Hailing from more than 26 countries, the signatories highlighted that no independent media access to Gaza has been permitted since the war began in October last year.
The brutal military onslaught has so far claimed the lives of nearly 38,350 Palestinians, mostly women and children, and has turned almost the entirety of the Palestinian territory into a scene of utter devastation.
“Nine months into the war, international reporters are still being denied access to Gaza except for rare and escorted trips arranged by the 'Israeli' military,” the letter read. “This effective ban on foreign reporting has placed an impossible and unreasonable burden on local reporters to document a war through which they are living.”

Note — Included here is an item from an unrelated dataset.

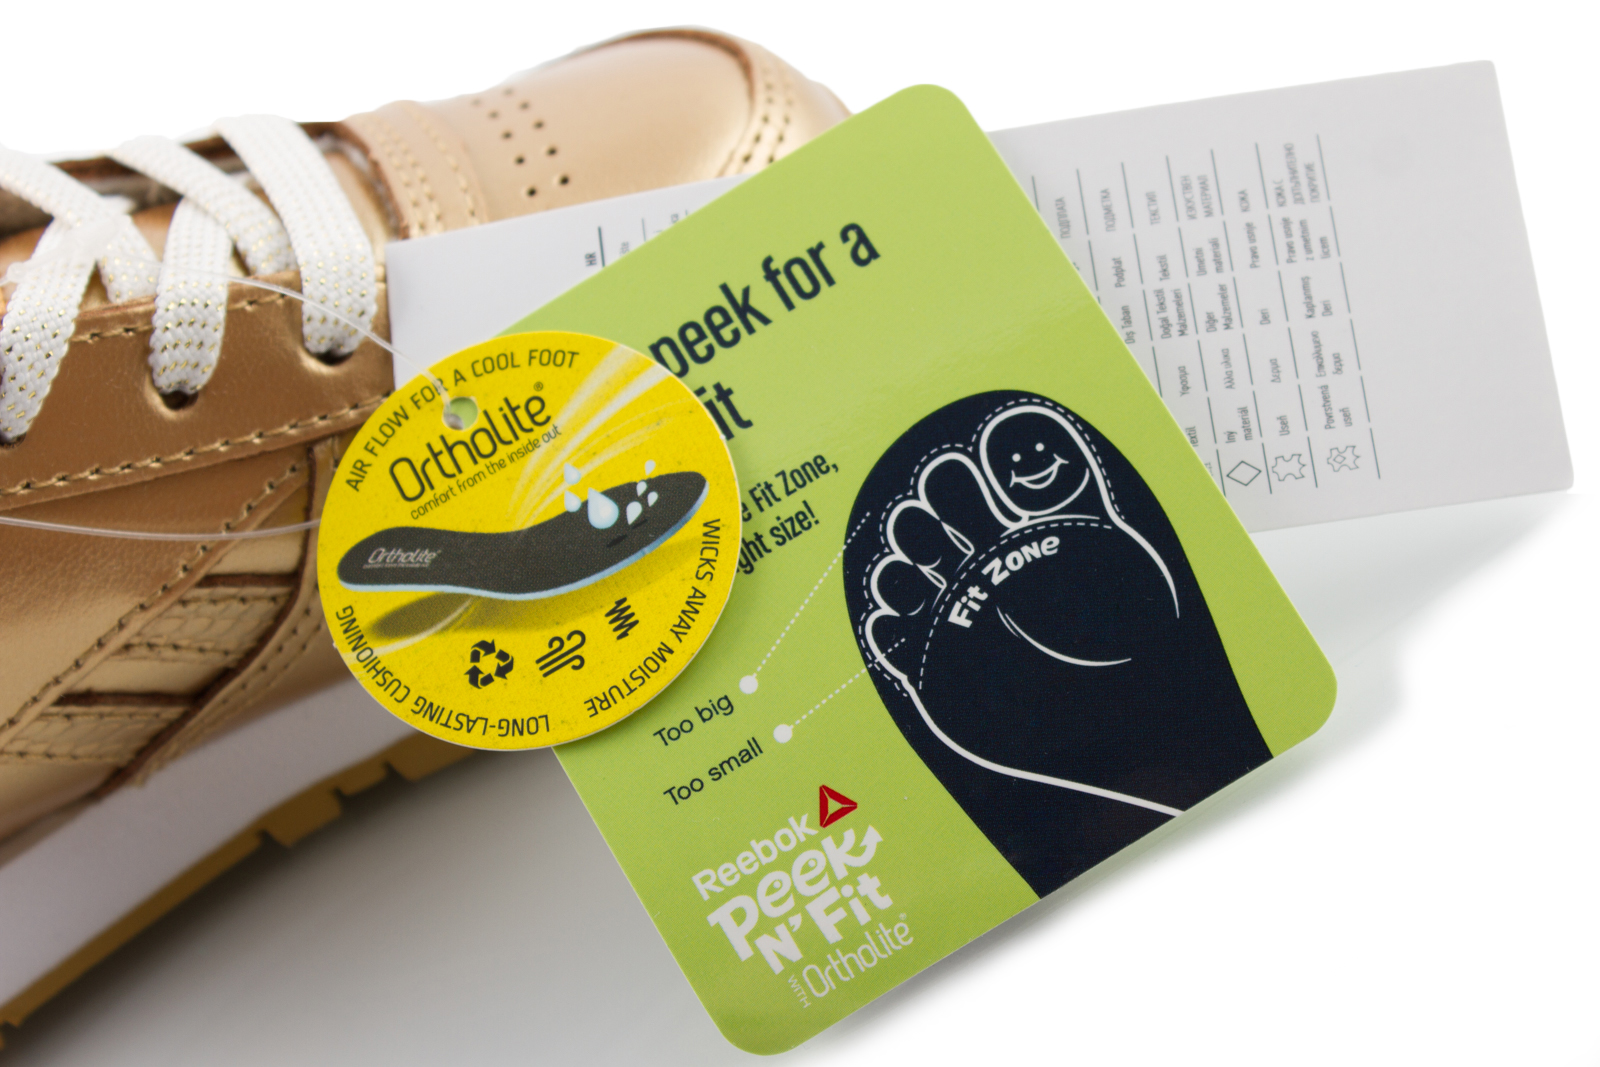 REEBOK CLASSIC buty dziecięce skórzane ZŁOTE 23,5

The undersigned also noted that more than 100 journalists had been murdered since the start of the war, and those who remained were working in conditions of extreme deprivation.
“The result is that information from Gaza is becoming harder and harder to obtain and that the reporting which does get through is subject to repeated questions over its veracity,” they said.

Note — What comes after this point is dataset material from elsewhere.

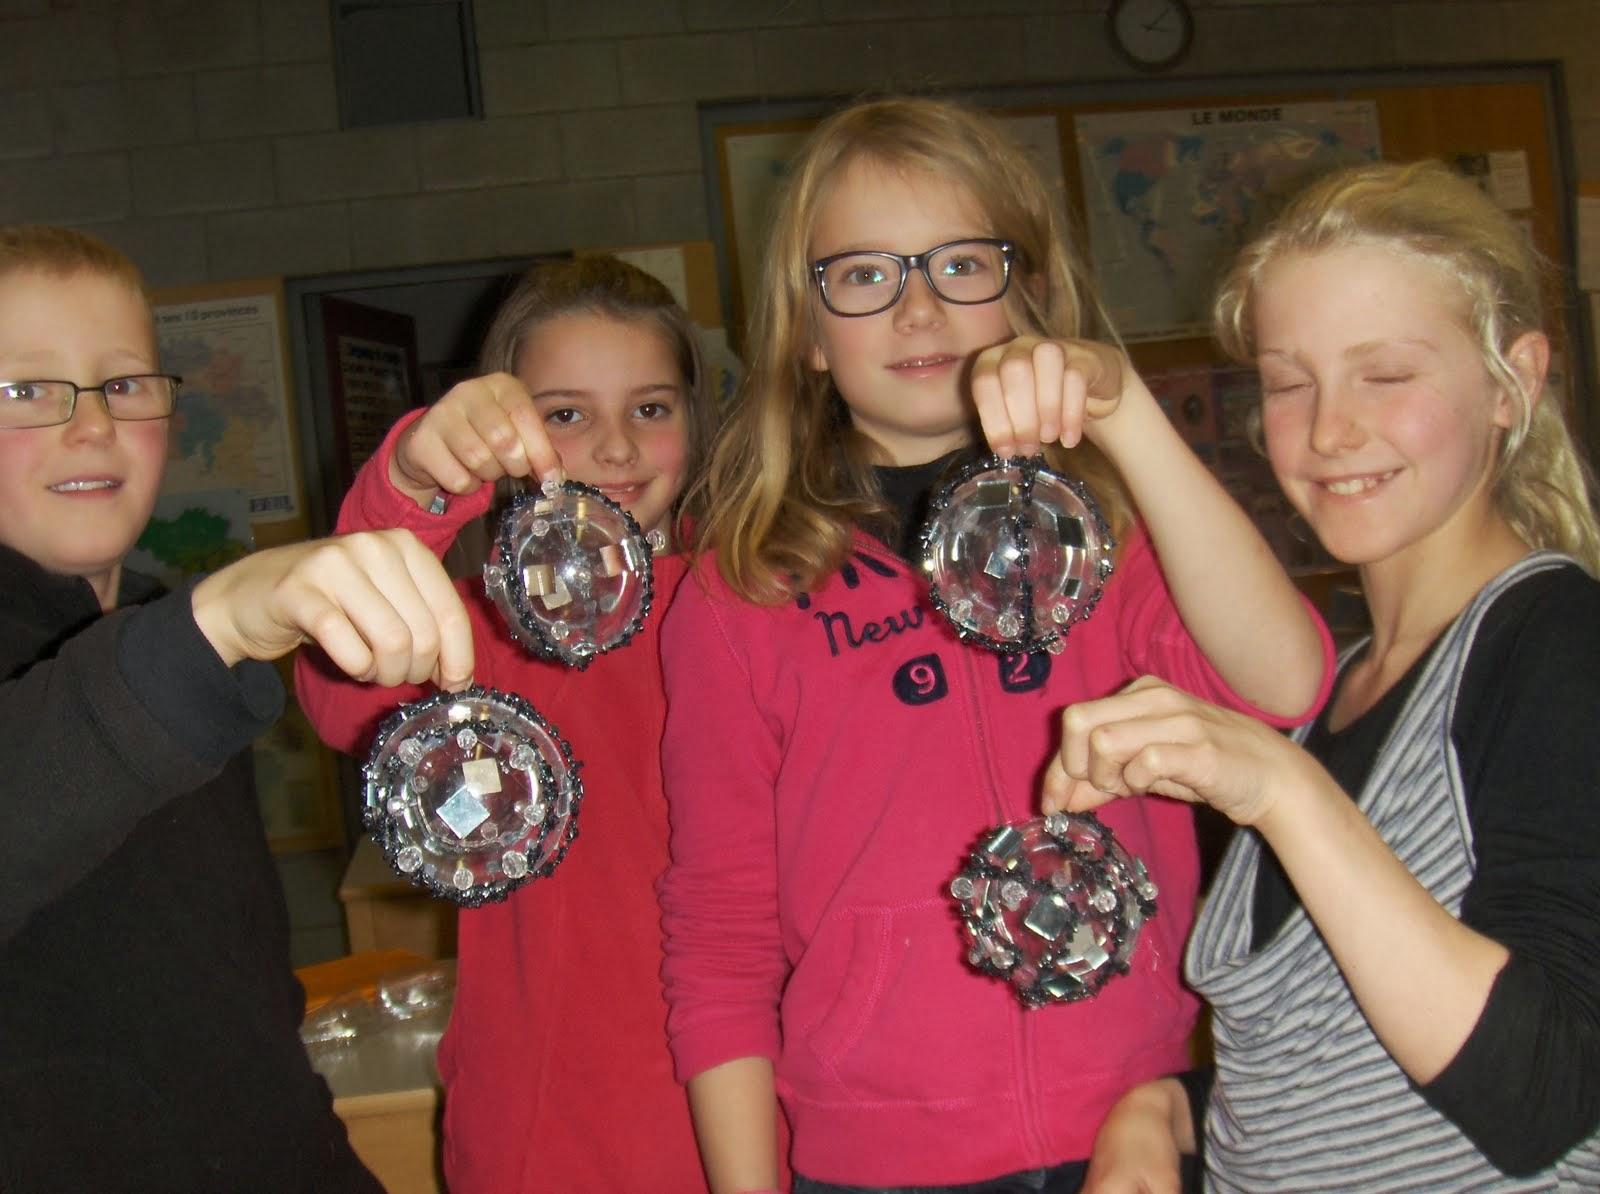 C'est devenu une tradition, chaque année, les élèves vendent des boules de  Noël au profit du Télévie. Cette année, vous avez encore été généreux, ...

Commenting on the letter, whose release was organized by the non-governmental Committee to Protect Journalists [CPJ], CEO Jodie Ginsberg said, "Israeli" Prime Minister Benjamin Netanyahu “describes 'Israel' as a democracy. His actions with regard to the media tell a different story.”
International journalists, she added, “should be given independent access to Gaza so they can judge for themselves what is happening in this war – rather than being spoon-fed with a handful of organized tours by the 'Israeli' military.”